General information
- Type: Trainer
- National origin: Italy
- Manufacturer: IMAM
- Designer: Giovanni Galasso
- Number built: 1

History
- First flight: 1932

= IMAM Ro.26 =

Single-engine biplane trainer aircraft

The IMAM Ro.26, sometimes called the Romeo Ro.26, was a single-engine biplane trainer aircraft produced by the Italian aeronautical company IMAM in the early 1930s. Only one example was built.

==Development==

At the beginning of 1932, the Italian company SA Industrie Meccaniche e Aeronautiche Meridurali (IMAM) manufactured the Ro.26 biplane, a basic trainer aircraft based on a design by aeronautical engineer Giovanni Galasso.
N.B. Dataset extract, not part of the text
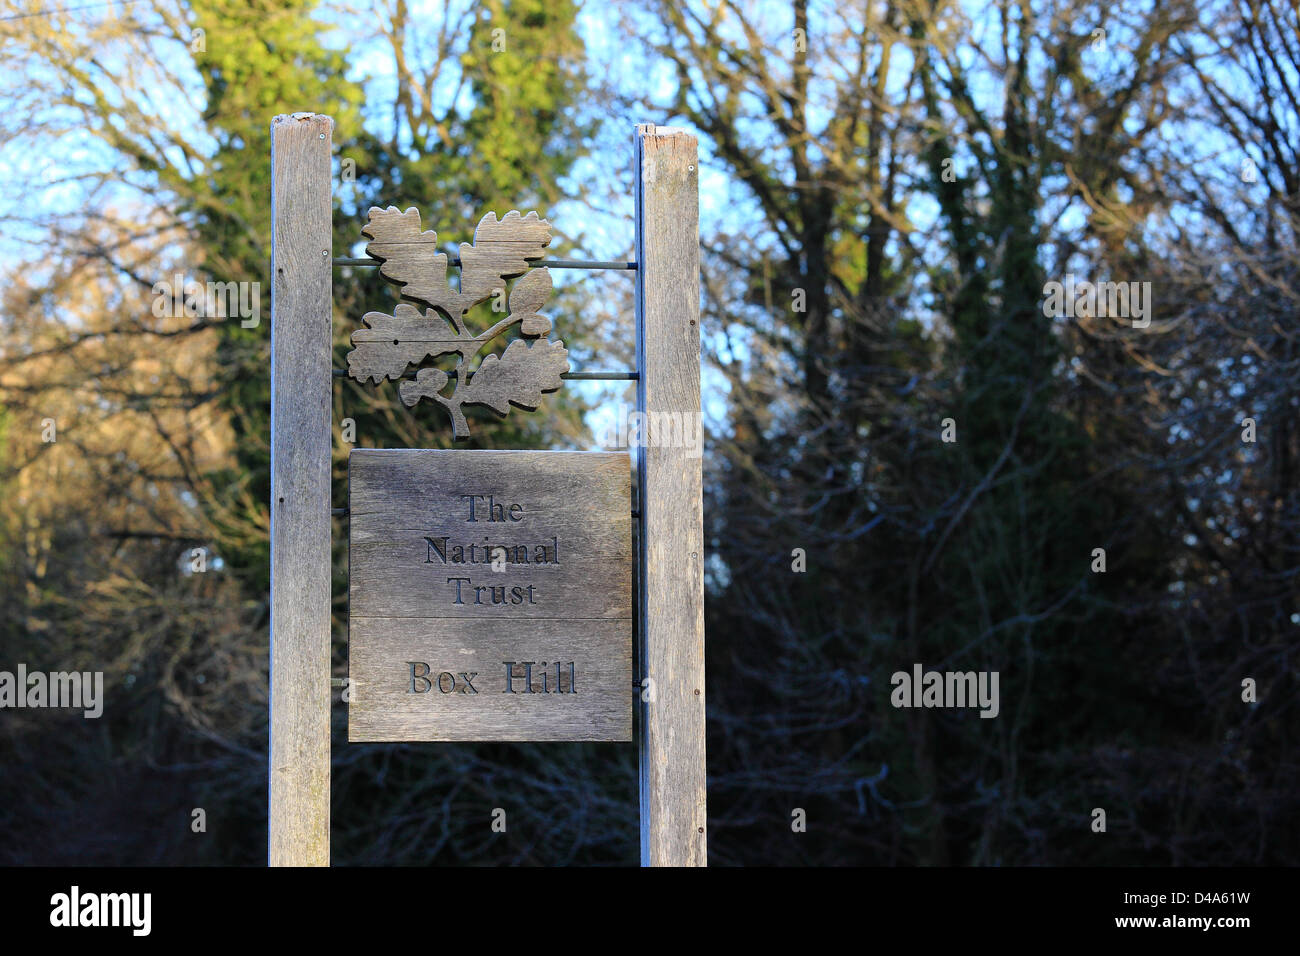 Il National Trust Box Hill sign in il gelo invernale, Inghilterra Foto Stock

It was powered by a seven-cylinder, 215 hp Armstrong Siddeley Lynx radial engine, built under licence by Alfa Romeo as the Lince. IMAM intended to market the new aircraft for basic pilot training and use in aerobatic competitions. The Ro.26′s design also allowed it to serve as a trainer for seaplane pilots by converting into a floatplane as the Ro.26I — or Ro.26 Idro ("Hydro") — with the landing gear replaced by floats. The prototype, registered as I-ABIL, flew for the first time in 1932.

==Design==

The Ro.26 was a biplane trainer aircraft with equal-span wings with a slight upward cant. The wings and tail section were of all-wooden construction and covered with canvas. The fuselage was of all-metal construction, built with autogenously welded steel tubes.

The aircraft had fixed, wide-track rear tricycle landing gear with oil-elastic shock absorbers. A pair of floats could replace the landing gear in order to transform the aircraft into a floatplane. The open cockpits were arranged in tandem, with the instructor placed in the first cockpit, accessible from a door positioned on the right side of the fuselage. The pilot in the forward cockpit could engage and disengage the flight controls in flight at will.

The Alfa Romeo Lynx seven-cylinder, air-cooled engine was rated at 215 hp and drove a helical wooden two-bladed propeller that was 2.180 m in diameter.

==Operational history==
At the beginning of 1934 the Regia Aeronautica (Italian Royal Air Force) tested the Ro.26 prototype I-ABIL. Although the aircraft displayed good flight characteristics, the military authorities decided not to buy it. IMAM abandoned plans for series production and built no additional examples.

==Variants==
- Ro.26
  Biplane basic trainer, powered by a 215 hp Alfa Romeo Lynx 7-cylinder radial engine.
- Ro.26I
The floatplane version had a maximum speed of 205 kph and a stall speed of 82 kph, and could climb to 1,000 m in 3 minutes 20 seconds, to 2,000 m in 7 minutes, to 3,000 m in 13 minutes, to 4,000 m in 21 minutes 30 seconds, and to 5,000 m in 34 minutes. "I" stood for Idrovolanti ("seaplane").